Lochie's BPES Journey

Lochlyn Italiano was born 4 weeks early on the 13th of May 2022 to second-time parents Anthony & Chelsea Italiano. Weighing just 2685 grams their little man needed to stay in the neonatal ward for a couple of days. It was then the nurses were concerned that he had not opened his eyes. They met with the Paediatrician who mentioned that something wasn’t quite right.

An ultrasound and an MRI were scheduled to measure the eyes. The results proved that his eye fishers were not the correct size. They were referred to see a paediatric obstetrician specialist who confirmed it was Blepharophimosis, Ptosis and Epicanthus Inversus Syndrome (BPES) a very rare developmental condition affecting the eyelids.

Research mentions FOXL2 is the only gene known to cause BPES. This gene controls the production of the FOXL2 protein, which is involved in the development of the muscles in the eyelid as well as ovarian development in females. Mutations of this gene create four major features that are characteristic symptoms of BPES and present at birth: narrowing of the eye-opening (blepharophimosis), droopy eyelids (ptosis), formation of an upward fold of the inner lower eyelid (epicanthus inversus) and an increased distance between the eyes (telecanthus).

Due to Covid-19 the urgency to schedule an oculoplastic surgeon appointment and also genetic testing was delayed and with wait times of 6 - 12 months. After 7 months they finally met with an oculoplastic surgeon here in Perth who explained Lochie’s case is very severe as he can only open his eyelids a few millimetres. Regular obstetrics appointments are required to check his range of vision. If not corrected with surgery asap it will result in a reduction of vision (blindness) as well as spinal problems from having to lift his head and arching his back to be able to see.

With BPES being a rare syndrome there is minimal support and information available.

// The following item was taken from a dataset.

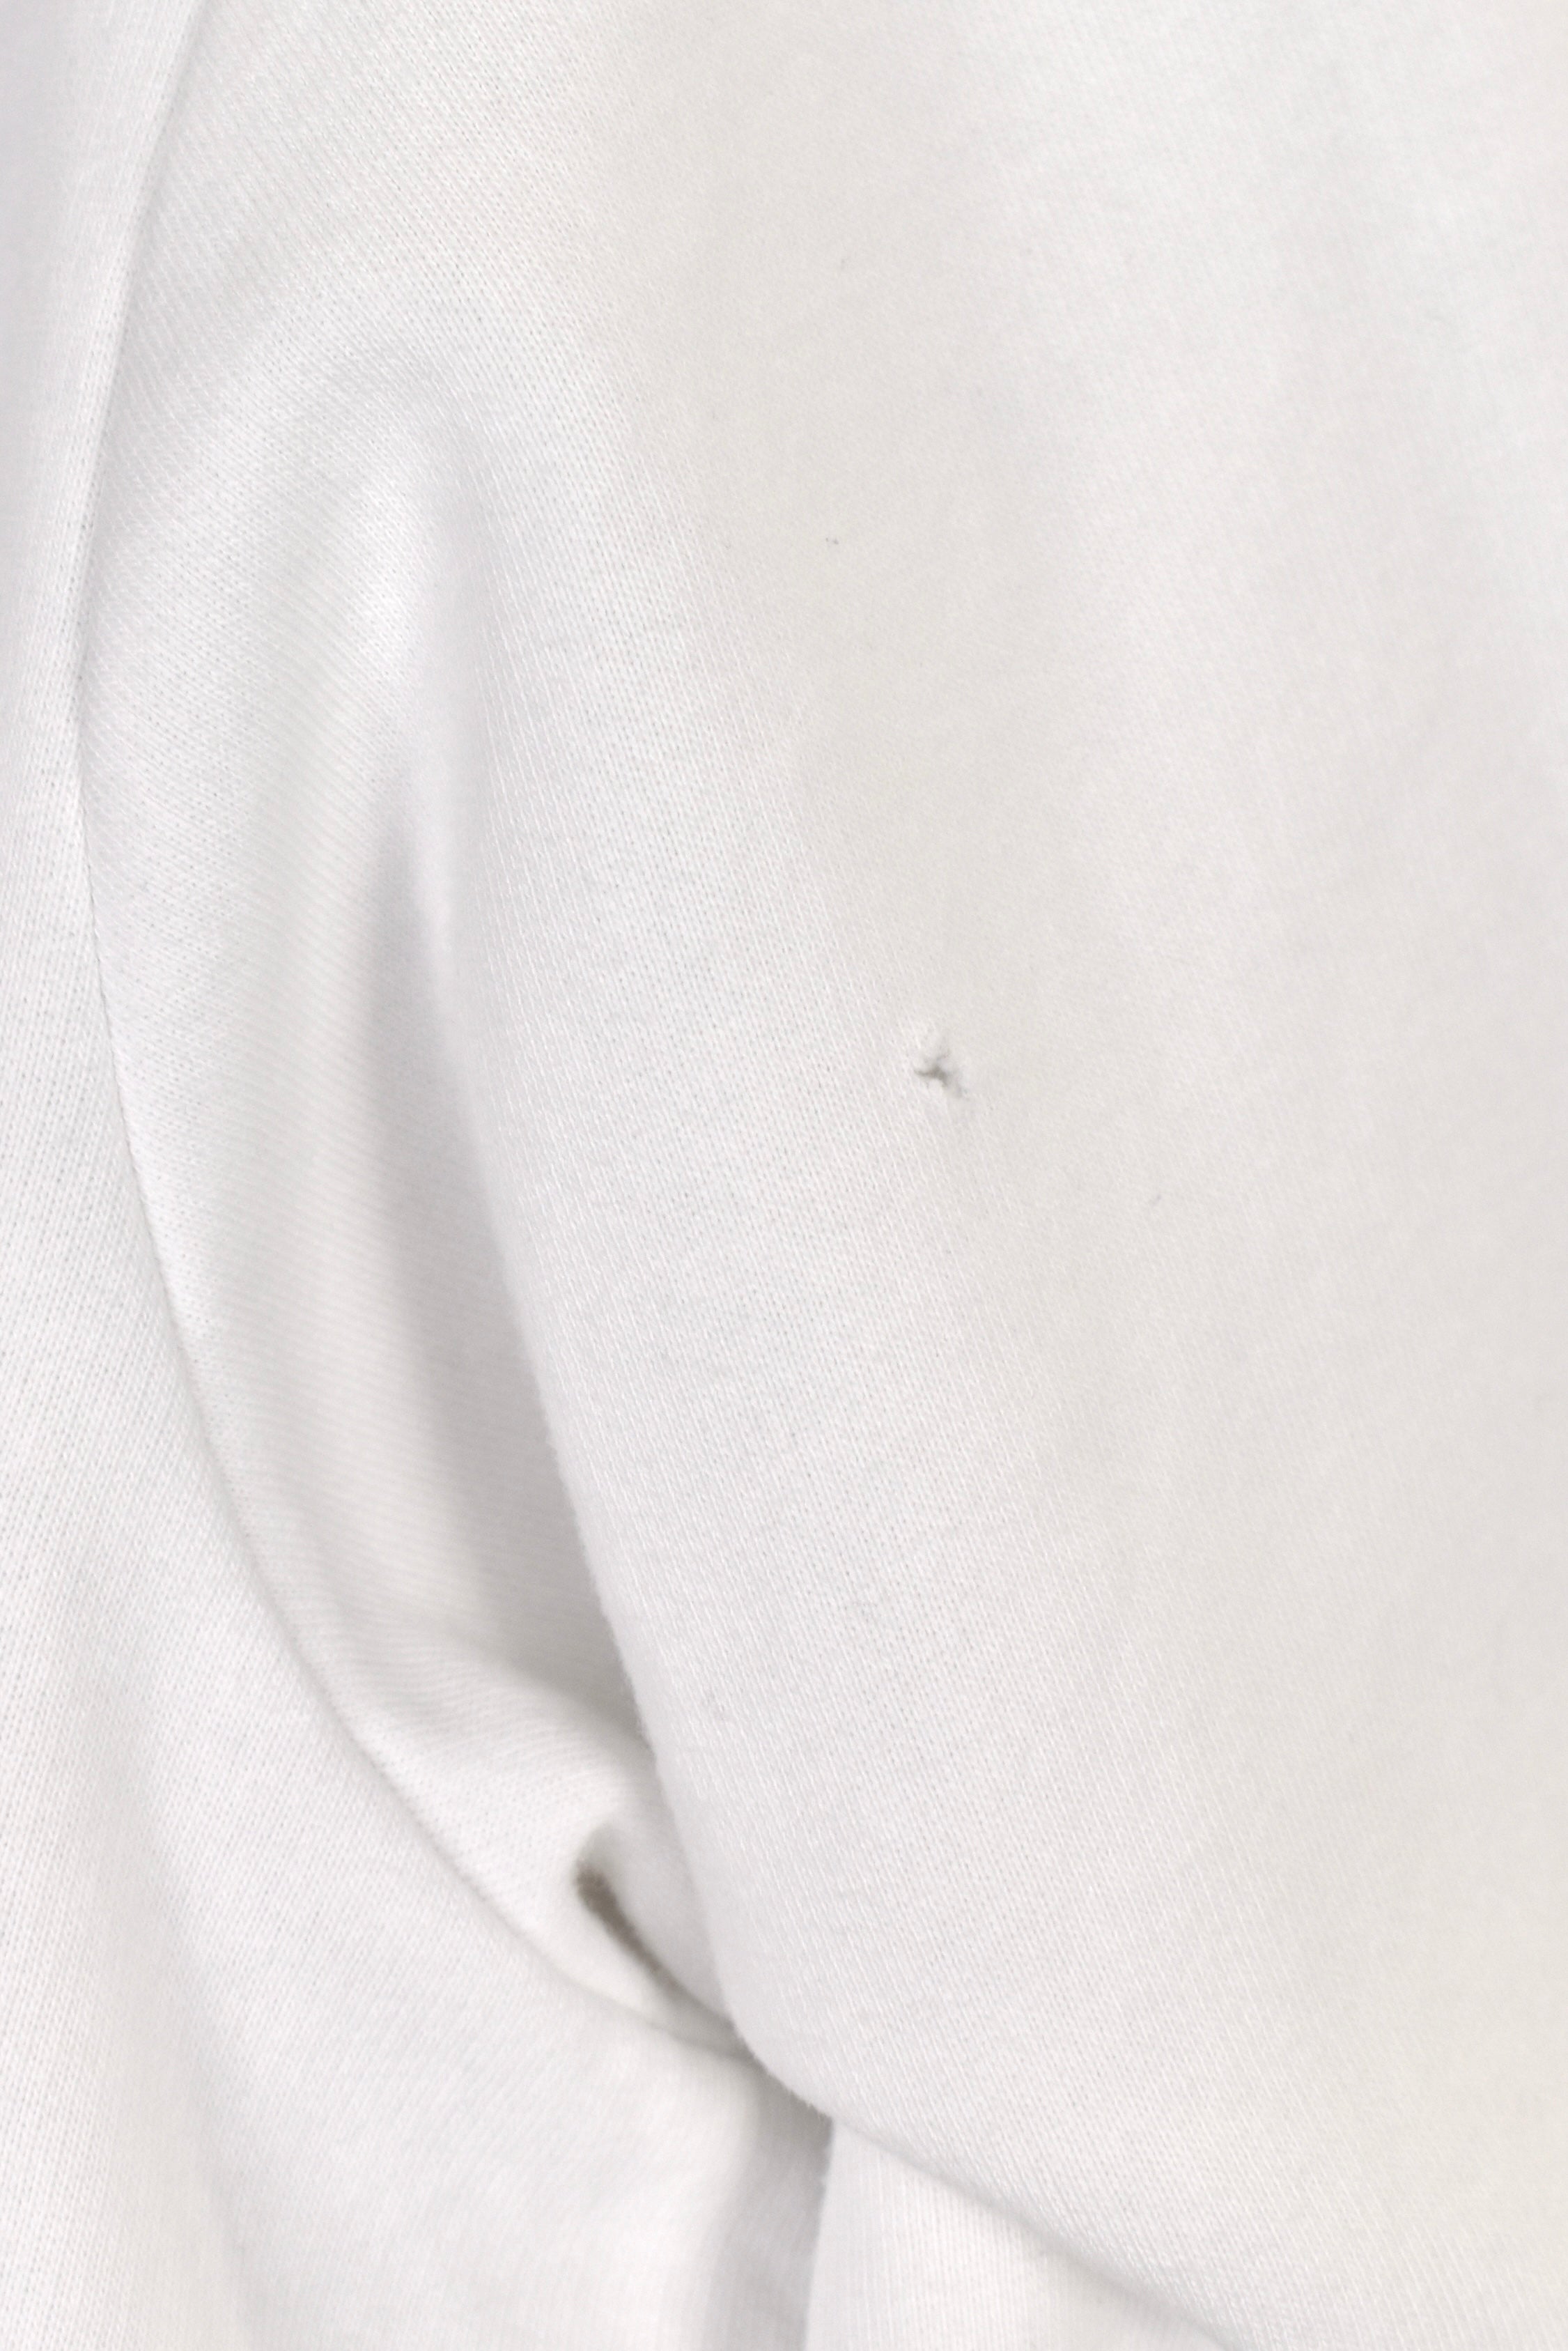 Modern Adidas sweatshirt (XL), white embroidered crewneck

Parents Anthony and Chelsea extensively researched surgical options here in Australia with only a handful of surgeons responding that they were willing to operate on a baby of his age (7mo), however, they would only use the silicone sling technique where a piece of elastic silicone is inserted behind the skin and held just above the eyebrow to correct the lack of muscle in the eyelid. Unfortunately, this requires a minimum of 4 surgeries before the age of 4 to complete, but again no sense of urgency even with the recommendations.

Seeking help from a worldwide social media support group they received information about a surgeon in Spain, Dr Medel who has vast experience worldwide using the frontalis flap technique where existing muscles and tendons are fused together for the eyelid to learn to operate on its own naturally. He has recently performed two surgeries on children of similar age and with the same severity with amazing results. As Lochie’s case is severe he will also require additional epicanthus and telecanthus bilateral surgery but both can be performed at the same time. The results they have seen speak for themselves and leave no doubt in their minds that it is the best option for Lochie. They are truly amazing with minimal scarring and a fast recovery time of only 3-4 days before travel.

They are hoping to schedule the surgery for September 2023 when he will be 16 months old. They have been advised he requires the surgery before he is 18 months and potentially another surgery to maintain/tweak as the face grows before the age of 4. With Covid-19 raising the prices of travel and accommodation with your help we are hoping to raise a minimum of $100,000 AUD to cover the costs for the family to travel and his ongoing surgeries/care. Although there are surgical options here within Australia the frontalis flap technique is the best option for Lochie as he will only require one surgery until he is an adolescent/adult.

Words cannot express how much they want to see their son's eyes open for the first time and have him see them with a full range of vision and the world around him. Not only for him to see but look normal and without the syndromic features.

It would mean the absolute world to parents Anthony and Chelsea if you would be able to share amongst your friends, family and community to help their family reach Lochie’s surgery goals and to also raise awareness of this rare condition.